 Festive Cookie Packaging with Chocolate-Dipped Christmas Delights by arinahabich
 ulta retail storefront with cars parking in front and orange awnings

★ ★ ★ ★ ★ ★ ★

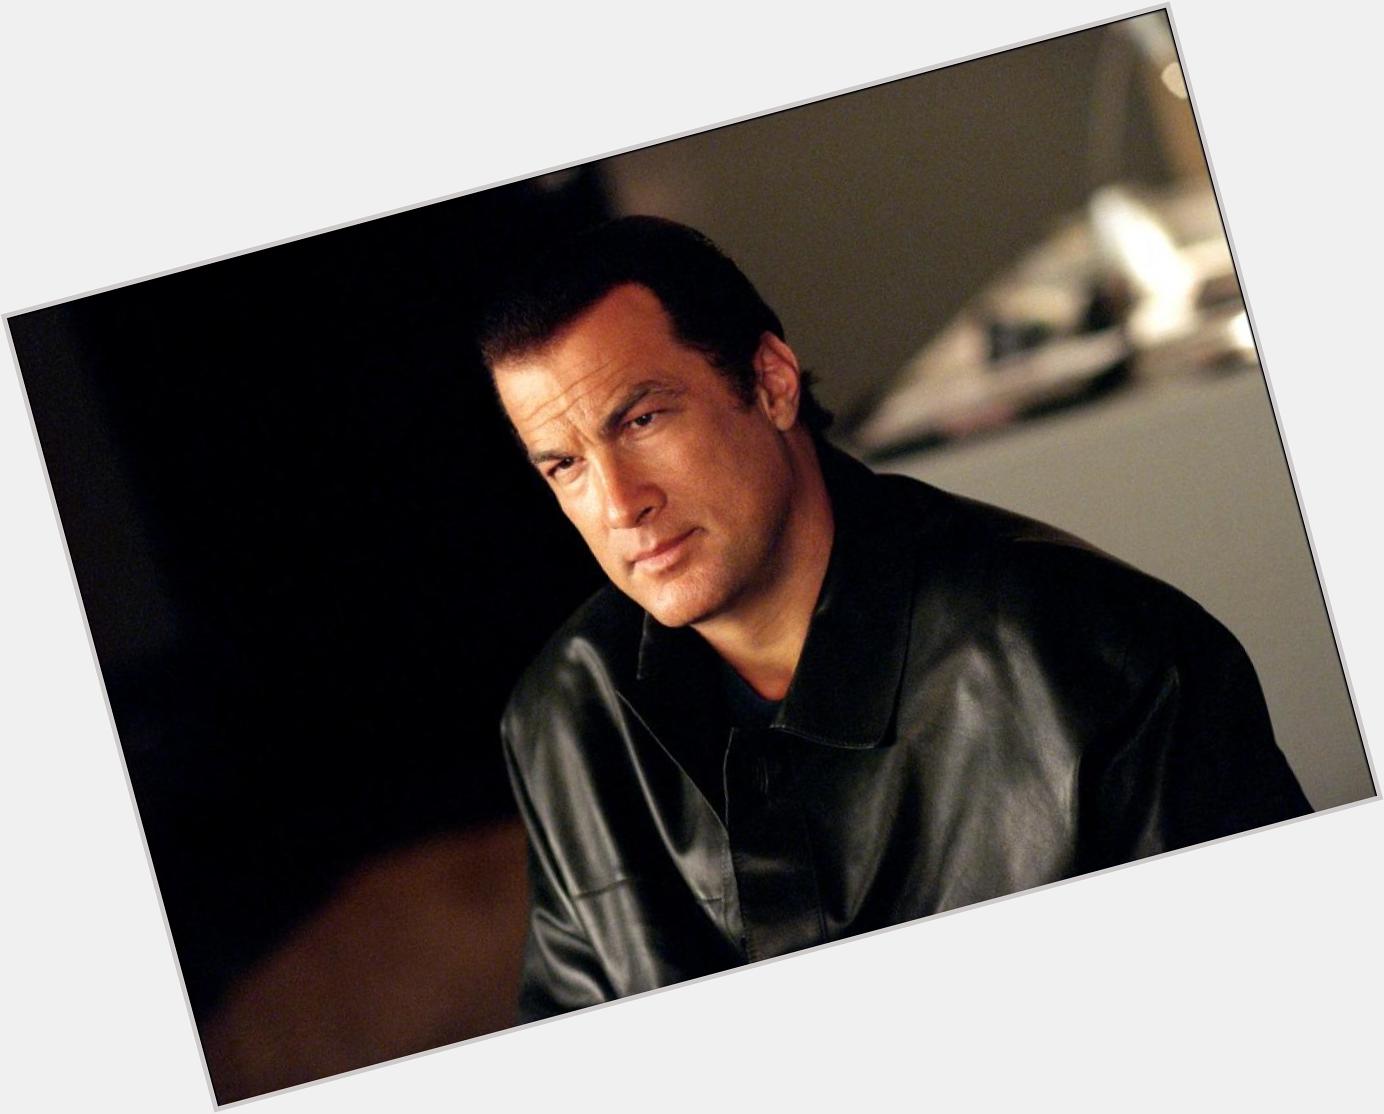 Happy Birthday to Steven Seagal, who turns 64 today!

★ ★ ★ ★ ★ ★ ★

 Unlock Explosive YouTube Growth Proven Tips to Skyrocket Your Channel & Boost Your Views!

★ ★ ★ ★ ★ ★ ★

- Problem requirements
Reproduce exactly, and only, the part of the listing above that begins at the line with "Festive Cookie Packaging" and goes on through the line with "ulta retail storefront".

- Reply
 Festive Cookie Packaging with Chocolate-Dipped Christmas Delights by arinahabich
 ulta retail storefront with cars parking in front and orange awnings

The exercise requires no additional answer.